The main benefit of a Partnership Agreement is that you will then have a document that clearly sets out everybody’s rights and duties and hopefully can be used to deal with any disputes that arise. Otherwise the High Court may be the only alternative.
The matters you need to consider when a Partnership Agreement is being prepared are:
- Describe the exact nature of the business and who the partners are.
- How long is the partnership to last?
- Set out details concerning any capital introduced to the partnership and whether or not this results in a specific division of profits.
- Set out specifically how profits and losses are to be dealt with by the partners and how drawings are to be dealt with.
- The agreement should set out when the partners should meet and how decisions are arrived at. Voting is therefore critical and a decision has to be made particularly concerning a casting vote.
- How many holidays can be taken and how are absences to be treated?
- Partnership property should be set out with particular emphasis on what is to happen to partnership property if for any reason the partnership comes to an end.

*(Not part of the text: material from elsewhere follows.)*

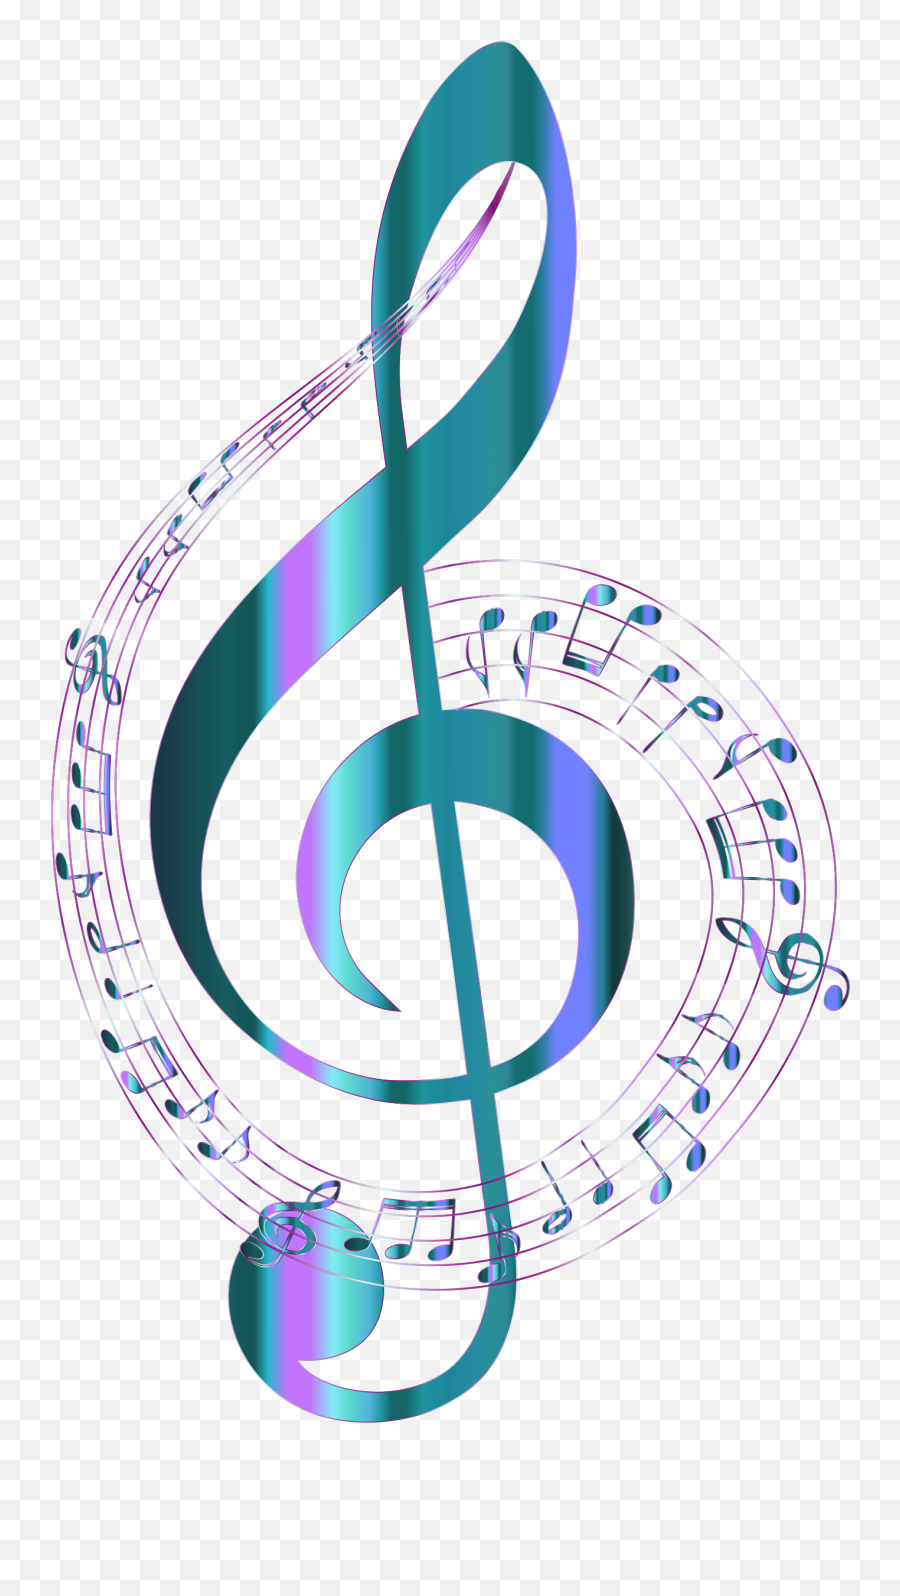 Music Ideas In 2021 Emoji,Guess The Emoji Eyes And Music Notes
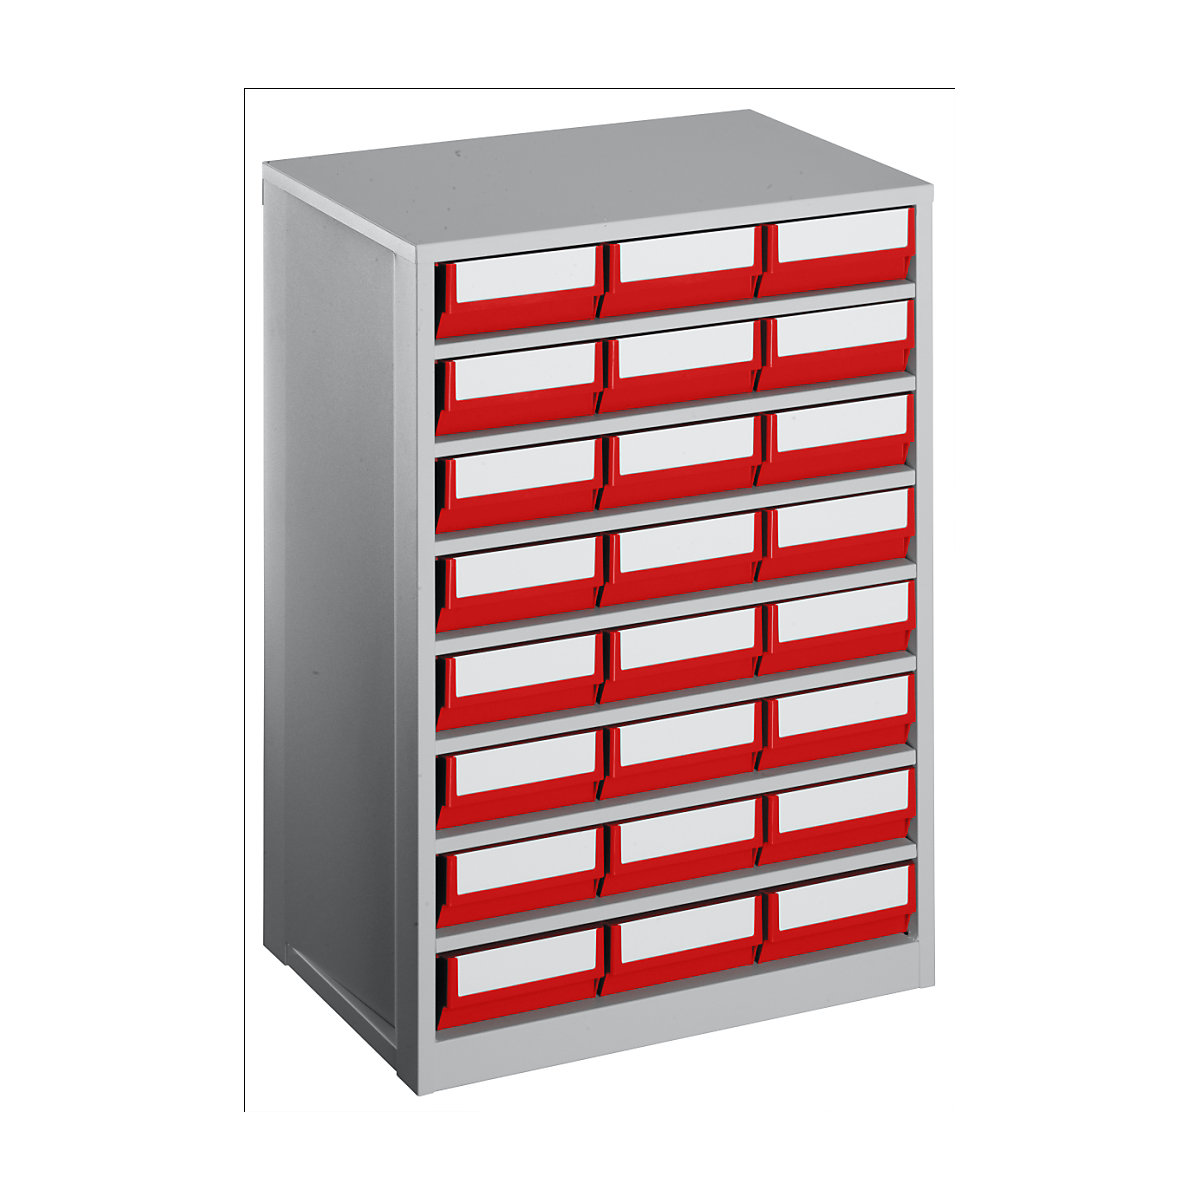 Drawer cabinet, max. housing load 240 kg, HxWxD 862 x 600 x 417 mm, 24 drawers, red drawers-9

- Accounts and records have to be kept and the person responsible for keeping the accounts and records should be named.
- There should be provision for expulsion of a partner who is in breach of serious aspects of the agreement.
- Specific provision should be made to allow partners retire either voluntarily or through ill health.
- Termination provisions should be incorporated.
It should be noted that a partnership agreement is normally prepared where two or more people are doing business together and have not formed a limited liability company. If they have formed a limited liability company then a shareholder’s agreement should be completed.